The story recapped recent attacks. The ecoterrorists picked their targets carefully, and since there was no shortage of strip mines on the map, they seemed to wait patiently until the mining trucks were parked in just the right places. It was noted that the snipers seemed to be concerned with avoiding injury to others. They had yet to fire upon a vehicle that wasn’t parked, and many of the mines worked twenty-four hours a day. Six weeks earlier, at the Red Valley site in Martin County, twenty-two tires had been ruined in a barrage that seemed to last only seconds, according to another night watchman. As of now, four coal companies were offering rewards totaling $200,000.
There was no link to the Bullington Mine attack two years earlier, where, in the most brazen act of sabotage in decades, explosives from the company’s own warehouse were used to damage six dump trucks, two draglines, two track loaders, a temporary office building, and the warehouse itself. Damages exceeded $5 million. No suspects had been arrested; none existed.

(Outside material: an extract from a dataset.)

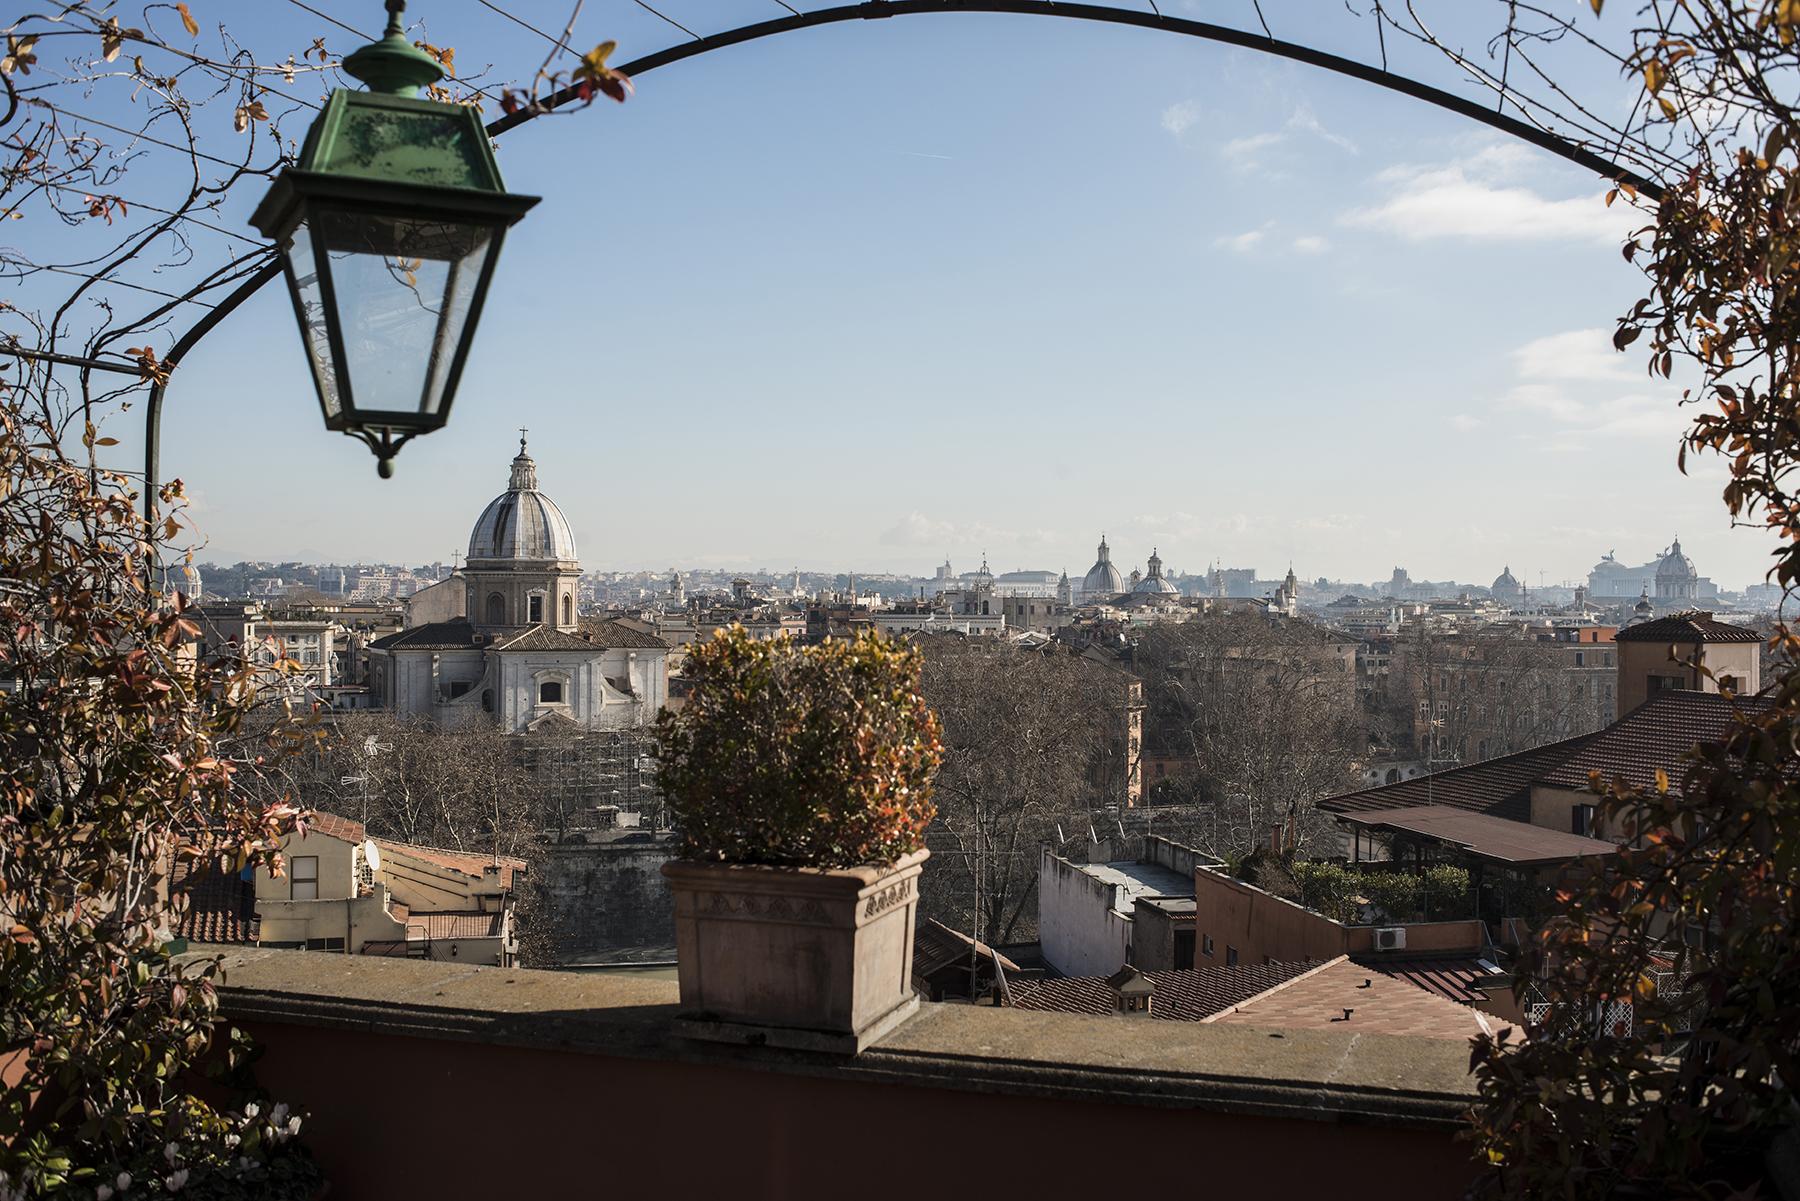 Apartamento por un Venta en Duplex Penthouse with stunning views of the eternal city Salita di Sant'onofrio Rome, Roma 00165 Italia

Samantha dug through the newspaper’s archives, and found herself cheering for the ecoterrorists. Later, as she began to doze off, she reluctantly pulled up the New York Times. Except for a rare Sunday morning, back in her New York days, she seldom did more than scan it. Now, avoiding the Business section, she zipped through it but stopped cold in the Dining section. The food critic was trashing a new restaurant in Tribeca, a hot spot she had been to a month earlier. There was a photo of the bar scene, with young professionals stacked two deep, sipping and smiling and waiting for their tables. She remembered the food as excellent and soon lost interest in the reviewer’s complaints. Instead, she stared at the photo. She could hear the din of the crowd; she could feel the frenetic energy. How good would a martini taste right now? And a two-hour dinner with friends, all the while keeping an eye out for cute guys?